I do not let my own co-religionists off the hook, as in this post.

I believe in some stuff that to a strict rationalist is pretty goofy. Believing that spirits inhabit living things in the Earth, as do the real neo-pagans I've met, is really no goofier from a strictly rationalist point of view than believing that the Son of God came to Earth in human form as a sacrifice for the sins of those yet unborn. A little goofiness on the public stage is no big deal.

Believing in things, claiming things as true, that are demonstrably false, is destructive however. Wiccans claiming that their religion is a continuation of the Old Belief is one such demonstrably false statement, as Eric pointed out.

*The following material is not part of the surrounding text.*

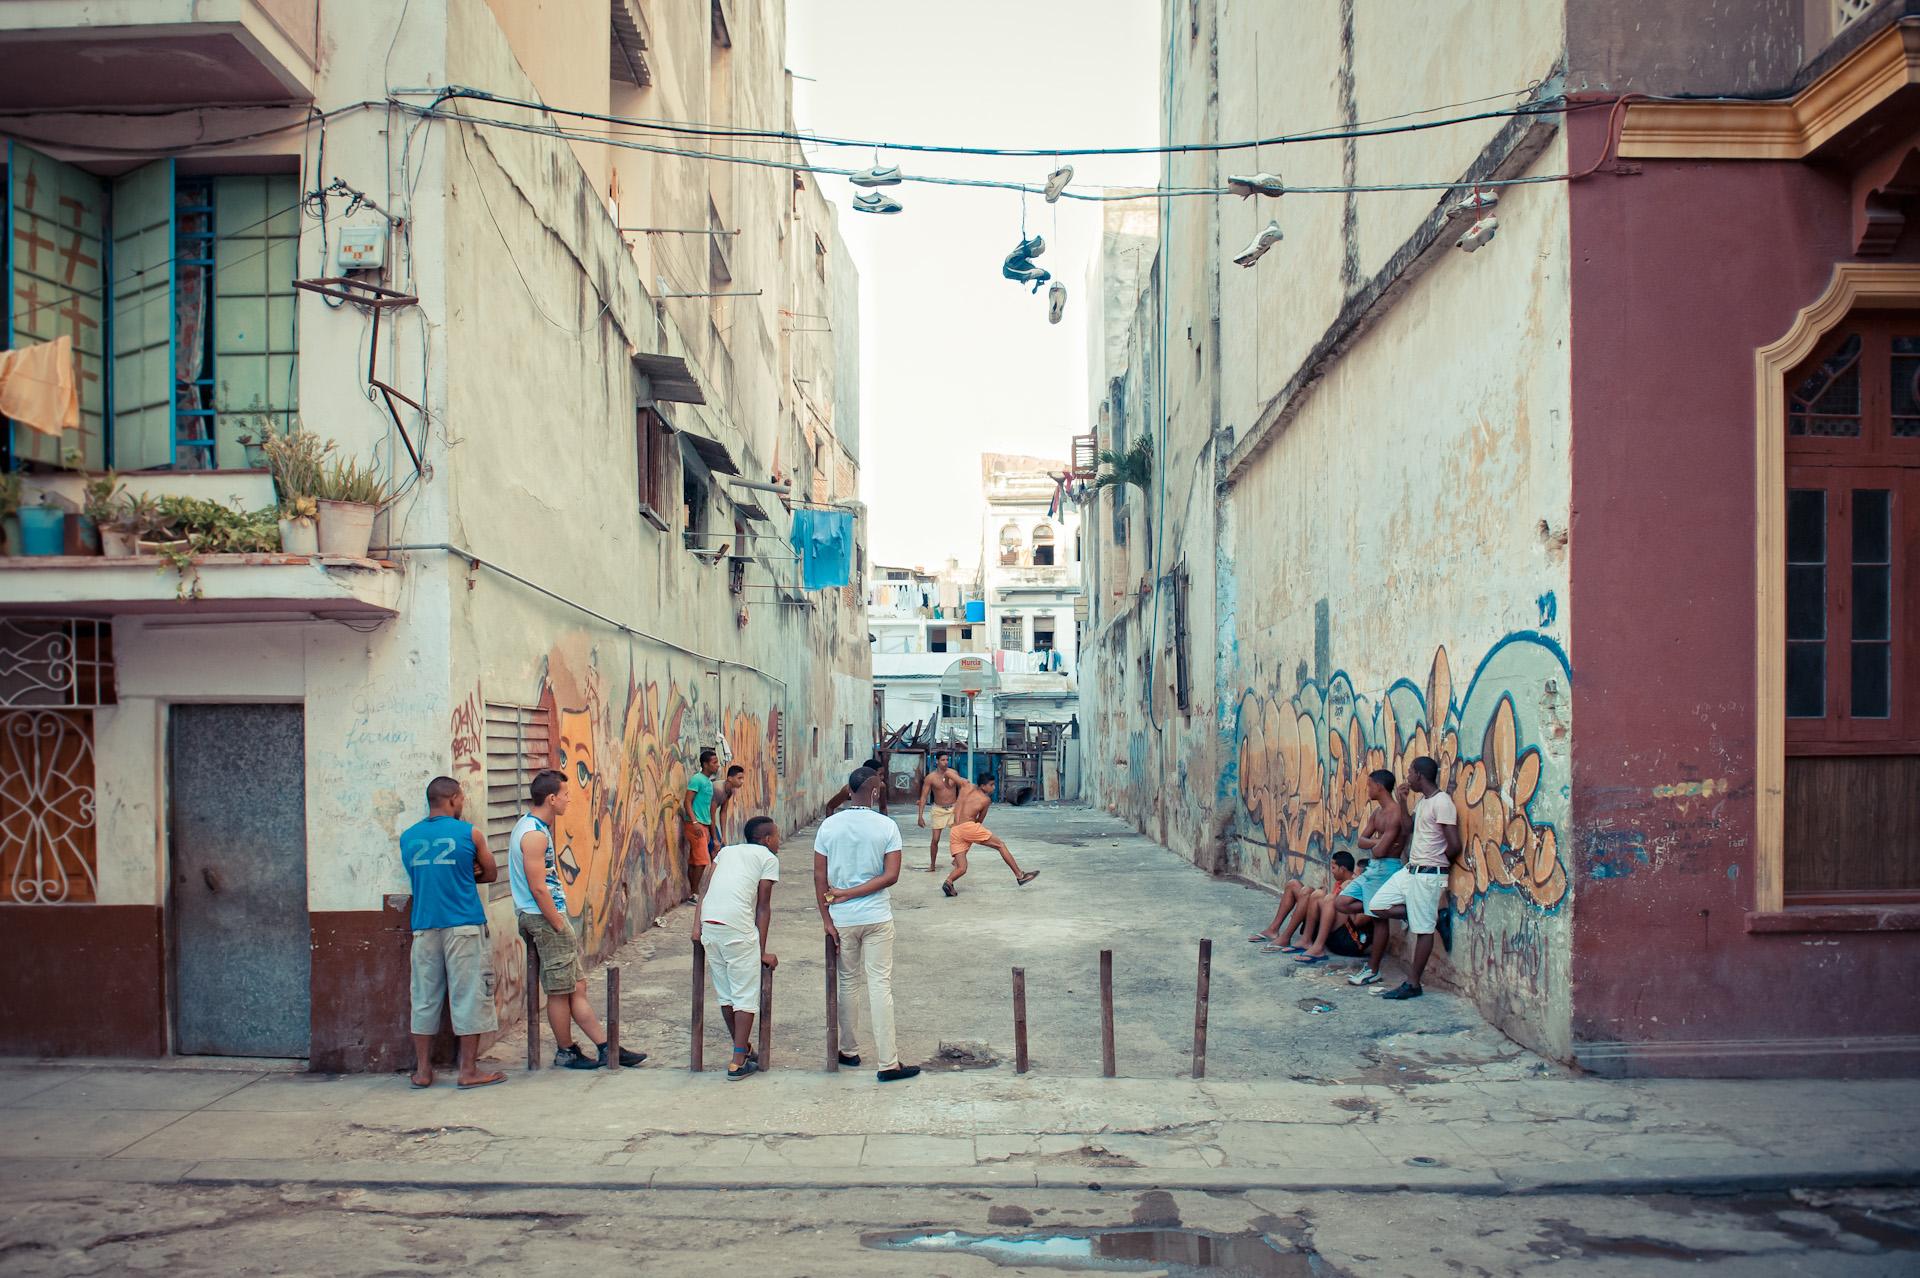 Cuba-Havana-Travel-Street-Scence-Game.JPG

New Age and Wicca started at roughly the same time - with bored Victorians stifled by the restrictions of their age looking for a new religion now that science seemed to have undermined Christianity. In that respect they are simply different surface manifestations of the same sociological impulse, and many of the the surface manifestations are similarly goofy - especially the Wiccan notion of good luck charms and the New Age belief in crystals (both of which can be demonstrated to be false by controlled experiments). Neither of these beliefs is in any way less corrosive to the body politic and the fruits of the Enlightenment than the fundamentalist Christian insistence that the Earth is only 6000 years old.

I'll post more about this on my own site, and we can argue there.